TASK OBJECTIVE: Find "Deathrun First Person 50 Levels" in the material below, then write out that line and every line after it exactly, ending with the last one; skip the pictures.

SOURCE DATA:

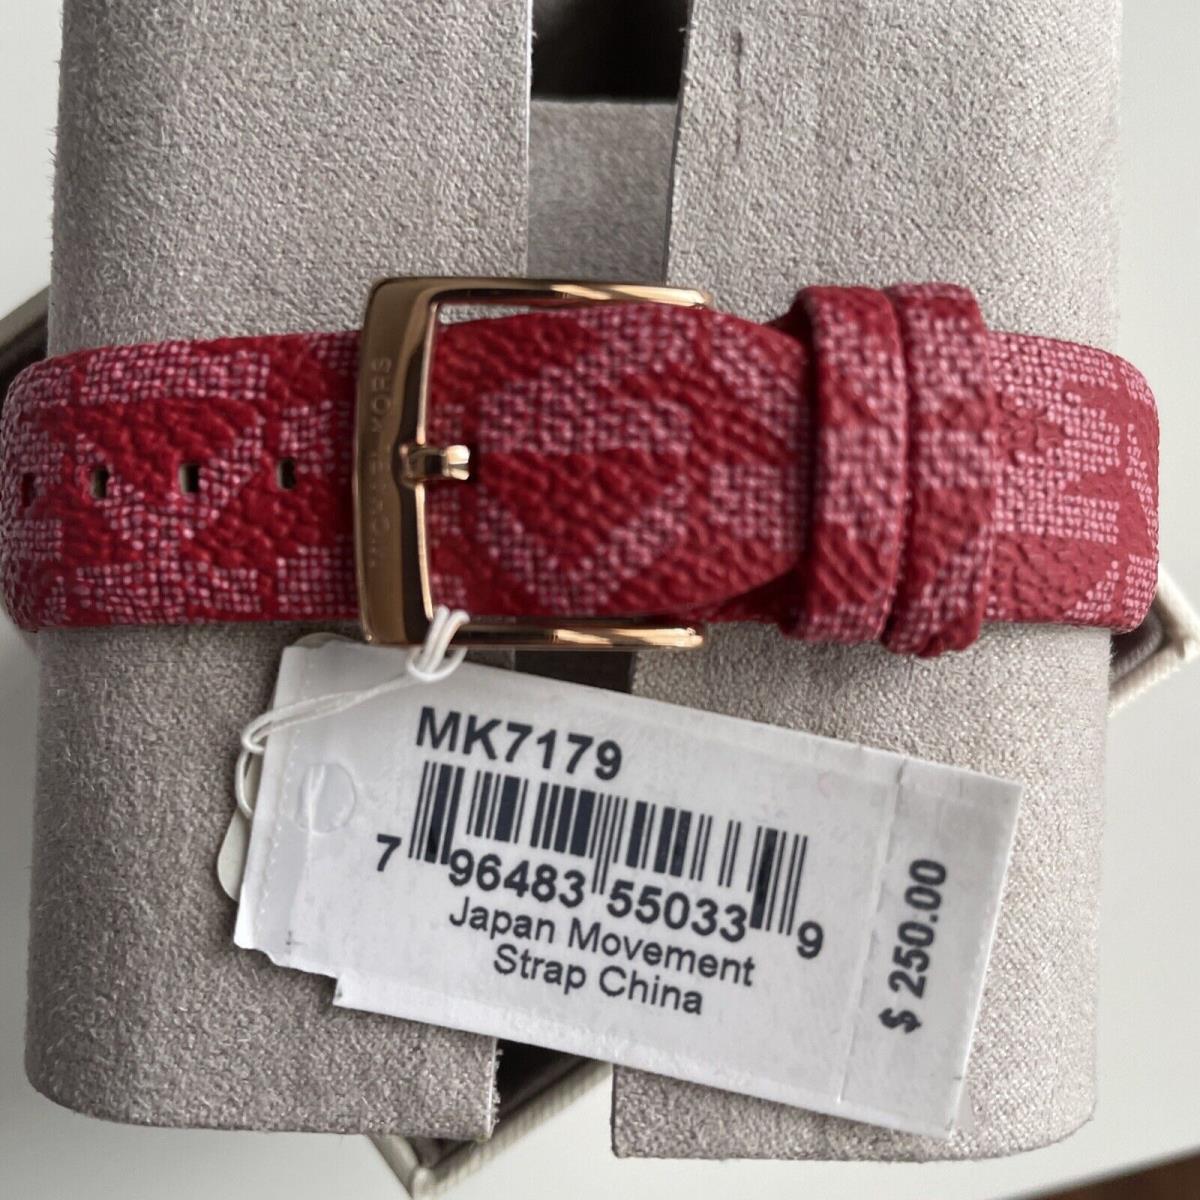 Michael Kors Women’s Quartz Red Leather Strap Red Dial 40mm Watch MK7179
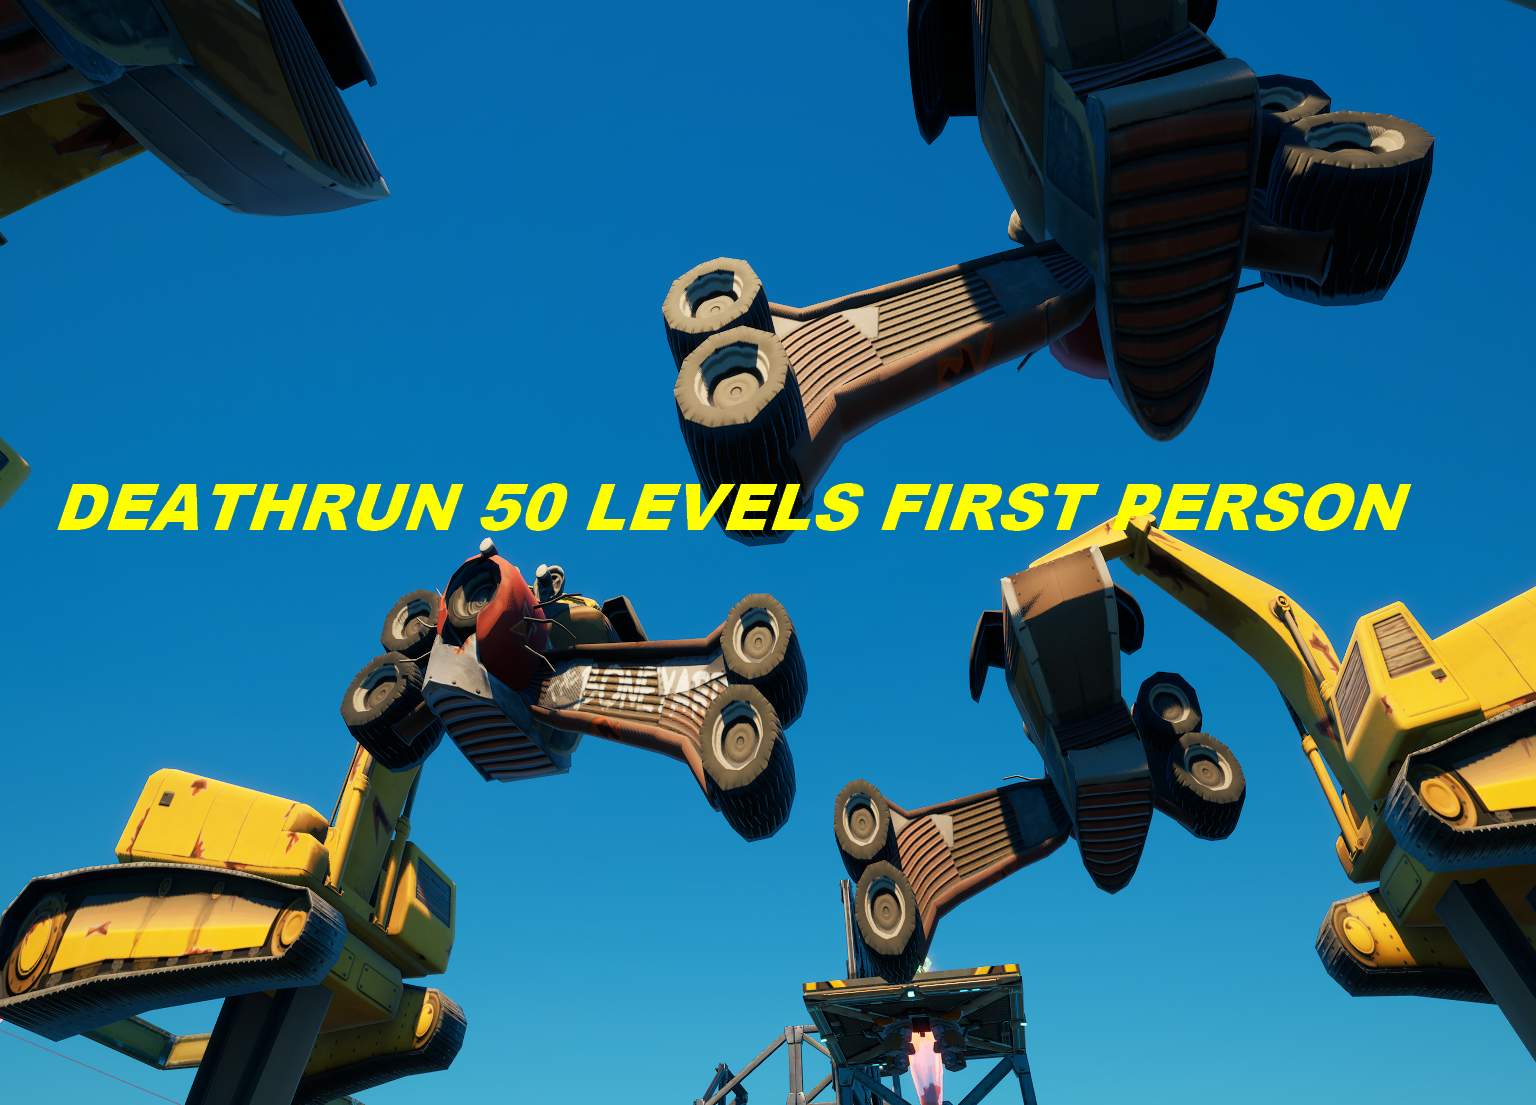 Deathrun First Person 50 Levels
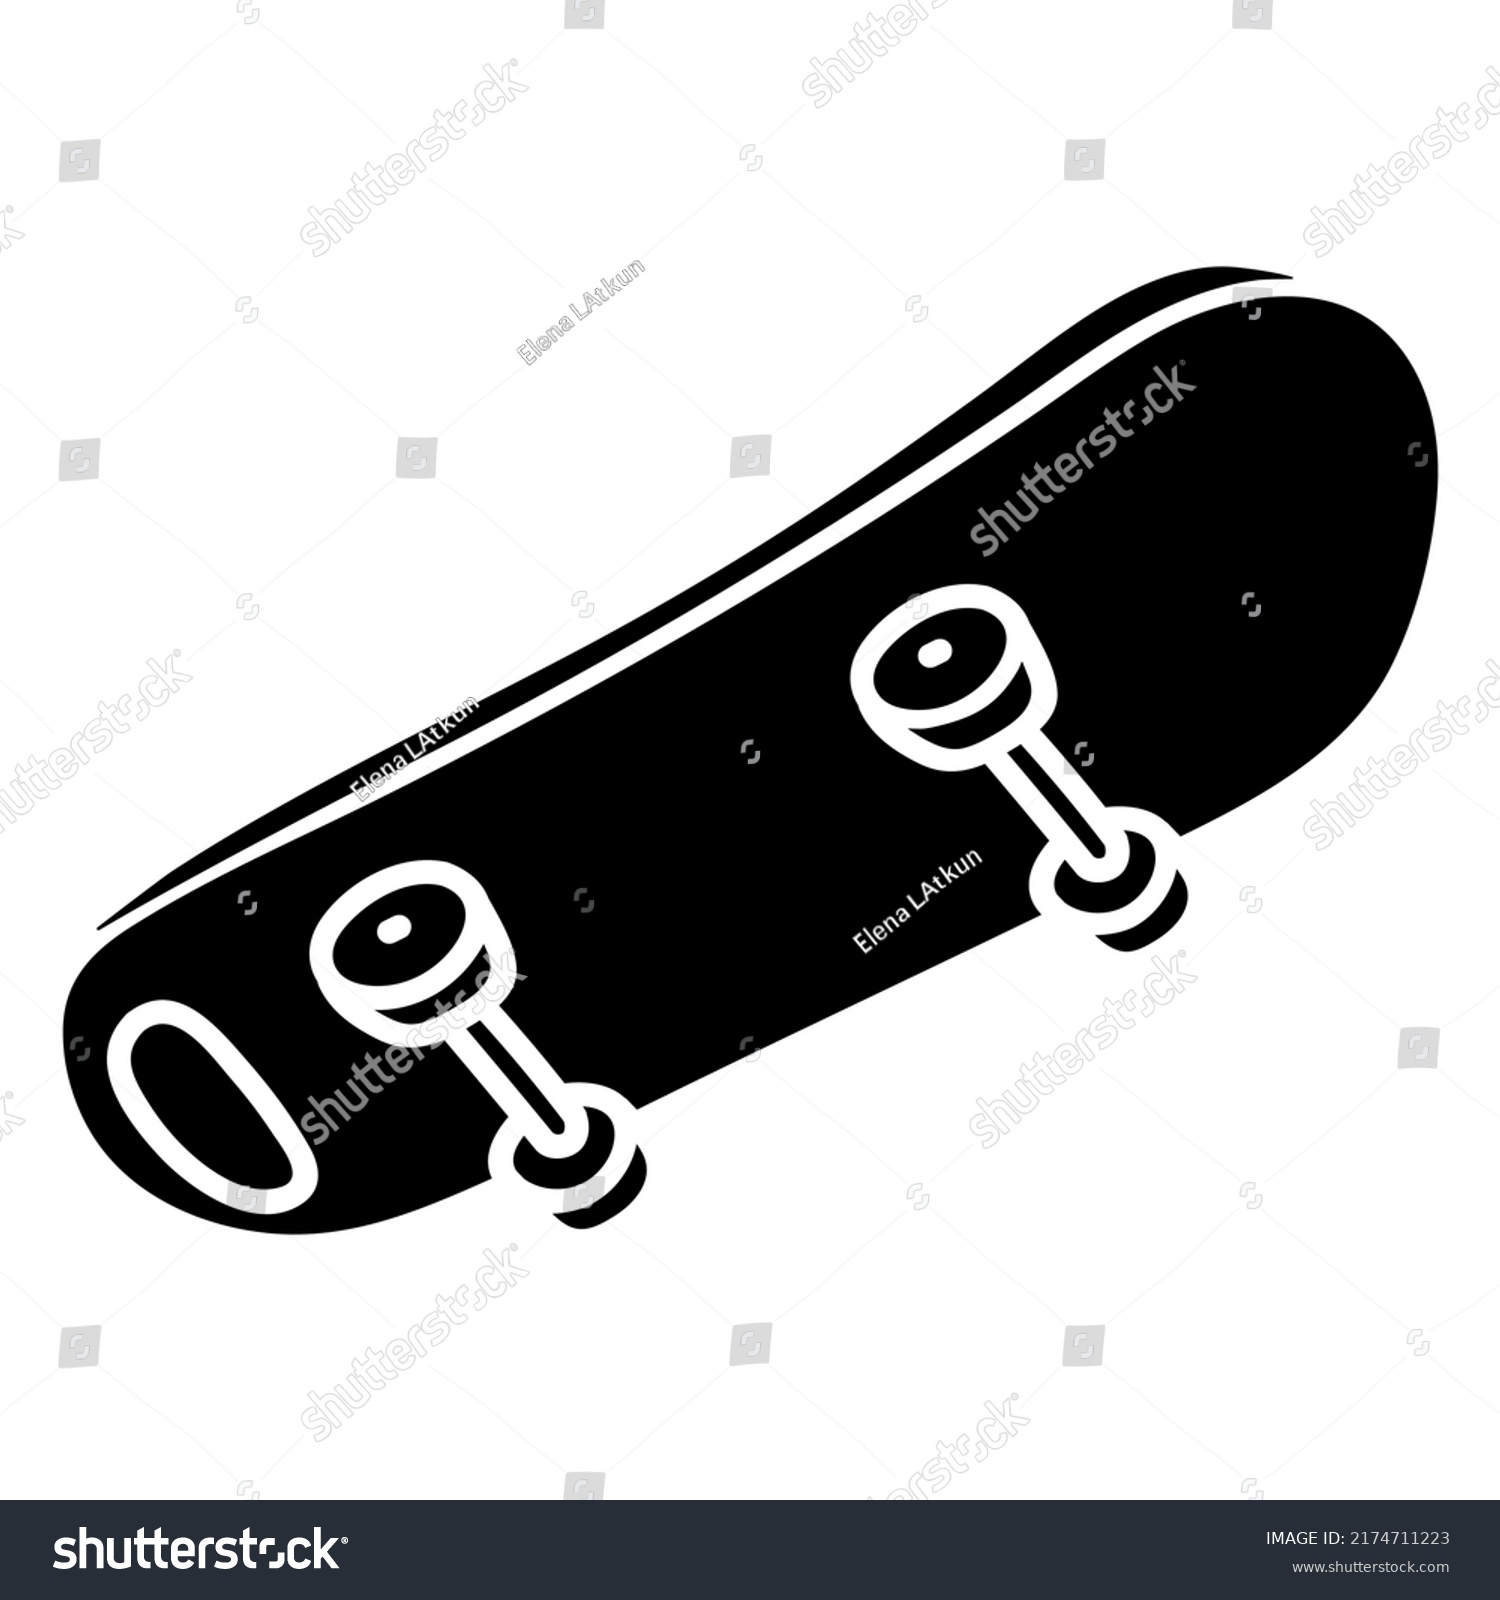 SVG of Black Skateboard Cut Out. High quality vector svg

SOLUTION TO THIS EXERCISE:
 Deathrun First Person 50 Levels
 SVG of Black Skateboard Cut Out. High quality vector svg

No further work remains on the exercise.